SOURCE MATERIAL.
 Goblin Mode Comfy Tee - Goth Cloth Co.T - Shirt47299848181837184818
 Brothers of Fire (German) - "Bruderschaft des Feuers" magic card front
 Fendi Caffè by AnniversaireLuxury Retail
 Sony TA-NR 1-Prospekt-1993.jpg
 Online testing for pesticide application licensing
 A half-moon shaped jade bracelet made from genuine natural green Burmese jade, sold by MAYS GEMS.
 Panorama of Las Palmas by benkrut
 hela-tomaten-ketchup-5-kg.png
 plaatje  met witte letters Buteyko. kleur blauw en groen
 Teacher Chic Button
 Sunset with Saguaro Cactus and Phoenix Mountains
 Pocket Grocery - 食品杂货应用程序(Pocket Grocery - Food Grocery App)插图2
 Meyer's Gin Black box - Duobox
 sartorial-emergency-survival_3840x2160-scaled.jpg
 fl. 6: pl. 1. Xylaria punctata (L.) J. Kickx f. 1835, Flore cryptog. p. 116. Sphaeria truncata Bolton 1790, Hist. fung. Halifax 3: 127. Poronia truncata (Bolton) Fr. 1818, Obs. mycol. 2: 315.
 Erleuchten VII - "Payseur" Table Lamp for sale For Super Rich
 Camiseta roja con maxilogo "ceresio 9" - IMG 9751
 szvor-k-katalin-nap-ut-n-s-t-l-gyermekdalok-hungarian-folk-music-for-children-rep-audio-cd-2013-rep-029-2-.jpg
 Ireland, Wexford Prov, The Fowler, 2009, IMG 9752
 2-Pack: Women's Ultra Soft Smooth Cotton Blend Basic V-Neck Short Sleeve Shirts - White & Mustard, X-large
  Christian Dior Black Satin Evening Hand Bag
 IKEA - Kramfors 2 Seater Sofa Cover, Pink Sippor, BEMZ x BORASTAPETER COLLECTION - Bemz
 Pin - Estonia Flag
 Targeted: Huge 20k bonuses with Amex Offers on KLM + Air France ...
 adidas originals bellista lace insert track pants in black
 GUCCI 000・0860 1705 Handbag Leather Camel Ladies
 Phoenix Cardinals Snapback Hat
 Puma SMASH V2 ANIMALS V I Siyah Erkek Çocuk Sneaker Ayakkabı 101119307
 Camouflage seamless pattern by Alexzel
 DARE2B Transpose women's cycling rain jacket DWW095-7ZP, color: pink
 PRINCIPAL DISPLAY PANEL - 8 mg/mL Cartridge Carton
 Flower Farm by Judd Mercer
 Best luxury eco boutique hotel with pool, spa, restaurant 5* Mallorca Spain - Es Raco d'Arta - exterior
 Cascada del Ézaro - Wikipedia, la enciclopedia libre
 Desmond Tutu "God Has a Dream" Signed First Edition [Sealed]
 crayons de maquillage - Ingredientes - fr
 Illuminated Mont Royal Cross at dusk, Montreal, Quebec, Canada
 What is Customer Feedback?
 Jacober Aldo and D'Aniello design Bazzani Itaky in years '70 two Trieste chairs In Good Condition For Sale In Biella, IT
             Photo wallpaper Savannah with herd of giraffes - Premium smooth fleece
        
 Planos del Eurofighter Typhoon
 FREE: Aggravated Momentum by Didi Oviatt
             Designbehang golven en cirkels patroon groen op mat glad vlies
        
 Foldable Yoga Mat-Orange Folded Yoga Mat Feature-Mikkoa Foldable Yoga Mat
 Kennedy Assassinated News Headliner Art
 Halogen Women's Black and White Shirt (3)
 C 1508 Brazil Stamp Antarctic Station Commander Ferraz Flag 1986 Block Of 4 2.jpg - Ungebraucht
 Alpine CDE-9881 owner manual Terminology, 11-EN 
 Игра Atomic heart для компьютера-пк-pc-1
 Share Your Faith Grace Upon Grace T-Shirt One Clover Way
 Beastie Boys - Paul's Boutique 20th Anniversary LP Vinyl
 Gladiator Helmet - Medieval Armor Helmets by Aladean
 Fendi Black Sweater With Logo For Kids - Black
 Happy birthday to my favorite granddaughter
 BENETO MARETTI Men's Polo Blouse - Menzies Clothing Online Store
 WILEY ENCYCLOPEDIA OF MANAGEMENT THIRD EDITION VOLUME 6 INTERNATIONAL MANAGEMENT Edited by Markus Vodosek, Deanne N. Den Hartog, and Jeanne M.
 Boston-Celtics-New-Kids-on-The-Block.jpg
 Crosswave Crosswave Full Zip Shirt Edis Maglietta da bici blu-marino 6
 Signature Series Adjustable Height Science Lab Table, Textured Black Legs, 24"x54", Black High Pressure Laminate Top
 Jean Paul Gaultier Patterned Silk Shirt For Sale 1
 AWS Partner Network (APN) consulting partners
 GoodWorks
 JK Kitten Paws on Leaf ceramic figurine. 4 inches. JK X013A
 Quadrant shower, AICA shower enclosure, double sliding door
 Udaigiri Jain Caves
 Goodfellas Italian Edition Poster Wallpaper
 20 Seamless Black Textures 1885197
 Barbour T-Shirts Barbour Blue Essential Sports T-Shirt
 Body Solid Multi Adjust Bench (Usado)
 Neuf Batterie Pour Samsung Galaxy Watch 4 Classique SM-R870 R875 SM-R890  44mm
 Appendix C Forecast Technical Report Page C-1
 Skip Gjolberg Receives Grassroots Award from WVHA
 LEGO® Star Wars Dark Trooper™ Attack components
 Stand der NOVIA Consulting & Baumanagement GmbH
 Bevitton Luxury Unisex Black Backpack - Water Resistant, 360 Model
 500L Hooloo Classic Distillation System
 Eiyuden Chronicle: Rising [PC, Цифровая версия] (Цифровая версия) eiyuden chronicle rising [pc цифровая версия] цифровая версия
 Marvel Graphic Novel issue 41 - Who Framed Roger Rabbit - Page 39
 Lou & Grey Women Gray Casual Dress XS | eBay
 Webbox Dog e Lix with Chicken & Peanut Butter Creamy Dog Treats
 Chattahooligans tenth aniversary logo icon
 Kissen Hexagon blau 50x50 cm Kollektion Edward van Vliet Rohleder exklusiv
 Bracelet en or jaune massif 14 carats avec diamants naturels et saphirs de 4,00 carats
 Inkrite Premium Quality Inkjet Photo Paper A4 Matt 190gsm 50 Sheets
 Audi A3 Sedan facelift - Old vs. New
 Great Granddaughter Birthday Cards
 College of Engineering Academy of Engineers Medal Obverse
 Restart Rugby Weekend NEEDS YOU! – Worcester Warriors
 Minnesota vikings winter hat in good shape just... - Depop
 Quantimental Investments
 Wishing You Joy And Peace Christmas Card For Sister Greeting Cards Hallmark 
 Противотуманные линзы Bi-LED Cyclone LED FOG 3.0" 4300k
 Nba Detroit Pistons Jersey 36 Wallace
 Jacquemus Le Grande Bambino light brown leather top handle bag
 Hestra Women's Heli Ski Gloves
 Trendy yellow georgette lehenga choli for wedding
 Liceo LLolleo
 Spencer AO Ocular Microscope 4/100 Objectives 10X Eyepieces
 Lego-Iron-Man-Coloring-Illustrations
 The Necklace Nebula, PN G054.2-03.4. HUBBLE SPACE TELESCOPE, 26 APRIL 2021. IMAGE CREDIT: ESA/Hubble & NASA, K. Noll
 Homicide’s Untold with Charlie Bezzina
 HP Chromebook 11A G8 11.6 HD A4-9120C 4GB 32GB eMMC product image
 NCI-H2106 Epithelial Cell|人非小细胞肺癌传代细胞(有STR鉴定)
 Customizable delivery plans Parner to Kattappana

ASSIGNED TASK. Using the material above, print every entry exactly as written.

TASK ANSWER.
 Goblin Mode Comfy Tee - Goth Cloth Co.T - Shirt47299848181837184818
 Brothers of Fire (German) - "Bruderschaft des Feuers" magic card front
 Fendi Caffè by AnniversaireLuxury Retail
 Sony TA-NR 1-Prospekt-1993.jpg
 Online testing for pesticide application licensing
 A half-moon shaped jade bracelet made from genuine natural green Burmese jade, sold by MAYS GEMS.
 Panorama of Las Palmas by benkrut
 hela-tomaten-ketchup-5-kg.png
 plaatje  met witte letters Buteyko. kleur blauw en groen
 Teacher Chic Button
 Sunset with Saguaro Cactus and Phoenix Mountains
 Pocket Grocery - 食品杂货应用程序(Pocket Grocery - Food Grocery App)插图2
 Meyer's Gin Black box - Duobox
 sartorial-emergency-survival_3840x2160-scaled.jpg
 fl. 6: pl. 1. Xylaria punctata (L.) J. Kickx f. 1835, Flore cryptog. p. 116. Sphaeria truncata Bolton 1790, Hist. fung. Halifax 3: 127. Poronia truncata (Bolton) Fr. 1818, Obs. mycol. 2: 315.
 Erleuchten VII - "Payseur" Table Lamp for sale For Super Rich
 Camiseta roja con maxilogo "ceresio 9" - IMG 9751
 szvor-k-katalin-nap-ut-n-s-t-l-gyermekdalok-hungarian-folk-music-for-children-rep-audio-cd-2013-rep-029-2-.jpg
 Ireland, Wexford Prov, The Fowler, 2009, IMG 9752
 2-Pack: Women's Ultra Soft Smooth Cotton Blend Basic V-Neck Short Sleeve Shirts - White & Mustard, X-large
  Christian Dior Black Satin Evening Hand Bag
 IKEA - Kramfors 2 Seater Sofa Cover, Pink Sippor, BEMZ x BORASTAPETER COLLECTION - Bemz
 Pin - Estonia Flag
 Targeted: Huge 20k bonuses with Amex Offers on KLM + Air France ...
 adidas originals bellista lace insert track pants in black
 GUCCI 000・0860 1705 Handbag Leather Camel Ladies
 Phoenix Cardinals Snapback Hat
 Puma SMASH V2 ANIMALS V I Siyah Erkek Çocuk Sneaker Ayakkabı 101119307
 Camouflage seamless pattern by Alexzel
 DARE2B Transpose women's cycling rain jacket DWW095-7ZP, color: pink
 PRINCIPAL DISPLAY PANEL - 8 mg/mL Cartridge Carton
 Flower Farm by Judd Mercer
 Best luxury eco boutique hotel with pool, spa, restaurant 5* Mallorca Spain - Es Raco d'Arta - exterior
 Cascada del Ézaro - Wikipedia, la enciclopedia libre
 Desmond Tutu "God Has a Dream" Signed First Edition [Sealed]
 crayons de maquillage - Ingredientes - fr
 Illuminated Mont Royal Cross at dusk, Montreal, Quebec, Canada
 What is Customer Feedback?
 Jacober Aldo and D'Aniello design Bazzani Itaky in years '70 two Trieste chairs In Good Condition For Sale In Biella, IT
             Photo wallpaper Savannah with herd of giraffes - Premium smooth fleece
        
 Planos del Eurofighter Typhoon
 FREE: Aggravated Momentum by Didi Oviatt
             Designbehang golven en cirkels patroon groen op mat glad vlies
        
 Foldable Yoga Mat-Orange Folded Yoga Mat Feature-Mikkoa Foldable Yoga Mat
 Kennedy Assassinated News Headliner Art
 Halogen Women's Black and White Shirt (3)
 C 1508 Brazil Stamp Antarctic Station Commander Ferraz Flag 1986 Block Of 4 2.jpg - Ungebraucht
 Alpine CDE-9881 owner manual Terminology, 11-EN 
 Игра Atomic heart для компьютера-пк-pc-1
 Share Your Faith Grace Upon Grace T-Shirt One Clover Way
 Beastie Boys - Paul's Boutique 20th Anniversary LP Vinyl
 Gladiator Helmet - Medieval Armor Helmets by Aladean
 Fendi Black Sweater With Logo For Kids - Black
 Happy birthday to my favorite granddaughter
 BENETO MARETTI Men's Polo Blouse - Menzies Clothing Online Store
 WILEY ENCYCLOPEDIA OF MANAGEMENT THIRD EDITION VOLUME 6 INTERNATIONAL MANAGEMENT Edited by Markus Vodosek, Deanne N. Den Hartog, and Jeanne M.
 Boston-Celtics-New-Kids-on-The-Block.jpg
 Crosswave Crosswave Full Zip Shirt Edis Maglietta da bici blu-marino 6
 Signature Series Adjustable Height Science Lab Table, Textured Black Legs, 24"x54", Black High Pressure Laminate Top
 Jean Paul Gaultier Patterned Silk Shirt For Sale 1
 AWS Partner Network (APN) consulting partners
 GoodWorks
 JK Kitten Paws on Leaf ceramic figurine. 4 inches. JK X013A
 Quadrant shower, AICA shower enclosure, double sliding door
 Udaigiri Jain Caves
 Goodfellas Italian Edition Poster Wallpaper
 20 Seamless Black Textures 1885197
 Barbour T-Shirts Barbour Blue Essential Sports T-Shirt
 Body Solid Multi Adjust Bench (Usado)
 Neuf Batterie Pour Samsung Galaxy Watch 4 Classique SM-R870 R875 SM-R890  44mm
 Appendix C Forecast Technical Report Page C-1
 Skip Gjolberg Receives Grassroots Award from WVHA
 LEGO® Star Wars Dark Trooper™ Attack components
 Stand der NOVIA Consulting & Baumanagement GmbH
 Bevitton Luxury Unisex Black Backpack - Water Resistant, 360 Model
 500L Hooloo Classic Distillation System
 Eiyuden Chronicle: Rising [PC, Цифровая версия] (Цифровая версия) eiyuden chronicle rising [pc цифровая версия] цифровая версия
 Marvel Graphic Novel issue 41 - Who Framed Roger Rabbit - Page 39
 Lou & Grey Women Gray Casual Dress XS | eBay
 Webbox Dog e Lix with Chicken & Peanut Butter Creamy Dog Treats
 Chattahooligans tenth aniversary logo icon
 Kissen Hexagon blau 50x50 cm Kollektion Edward van Vliet Rohleder exklusiv
 Bracelet en or jaune massif 14 carats avec diamants naturels et saphirs de 4,00 carats
 Inkrite Premium Quality Inkjet Photo Paper A4 Matt 190gsm 50 Sheets
 Audi A3 Sedan facelift - Old vs. New
 Great Granddaughter Birthday Cards
 College of Engineering Academy of Engineers Medal Obverse
 Restart Rugby Weekend NEEDS YOU! – Worcester Warriors
 Minnesota vikings winter hat in good shape just... - Depop
 Quantimental Investments
 Wishing You Joy And Peace Christmas Card For Sister Greeting Cards Hallmark 
 Противотуманные линзы Bi-LED Cyclone LED FOG 3.0" 4300k
 Nba Detroit Pistons Jersey 36 Wallace
 Jacquemus Le Grande Bambino light brown leather top handle bag
 Hestra Women's Heli Ski Gloves
 Trendy yellow georgette lehenga choli for wedding
 Liceo LLolleo
 Spencer AO Ocular Microscope 4/100 Objectives 10X Eyepieces
 Lego-Iron-Man-Coloring-Illustrations
 The Necklace Nebula, PN G054.2-03.4. HUBBLE SPACE TELESCOPE, 26 APRIL 2021. IMAGE CREDIT: ESA/Hubble & NASA, K. Noll
 Homicide’s Untold with Charlie Bezzina
 HP Chromebook 11A G8 11.6 HD A4-9120C 4GB 32GB eMMC product image
 NCI-H2106 Epithelial Cell|人非小细胞肺癌传代细胞(有STR鉴定)
 Customizable delivery plans Parner to Kattappana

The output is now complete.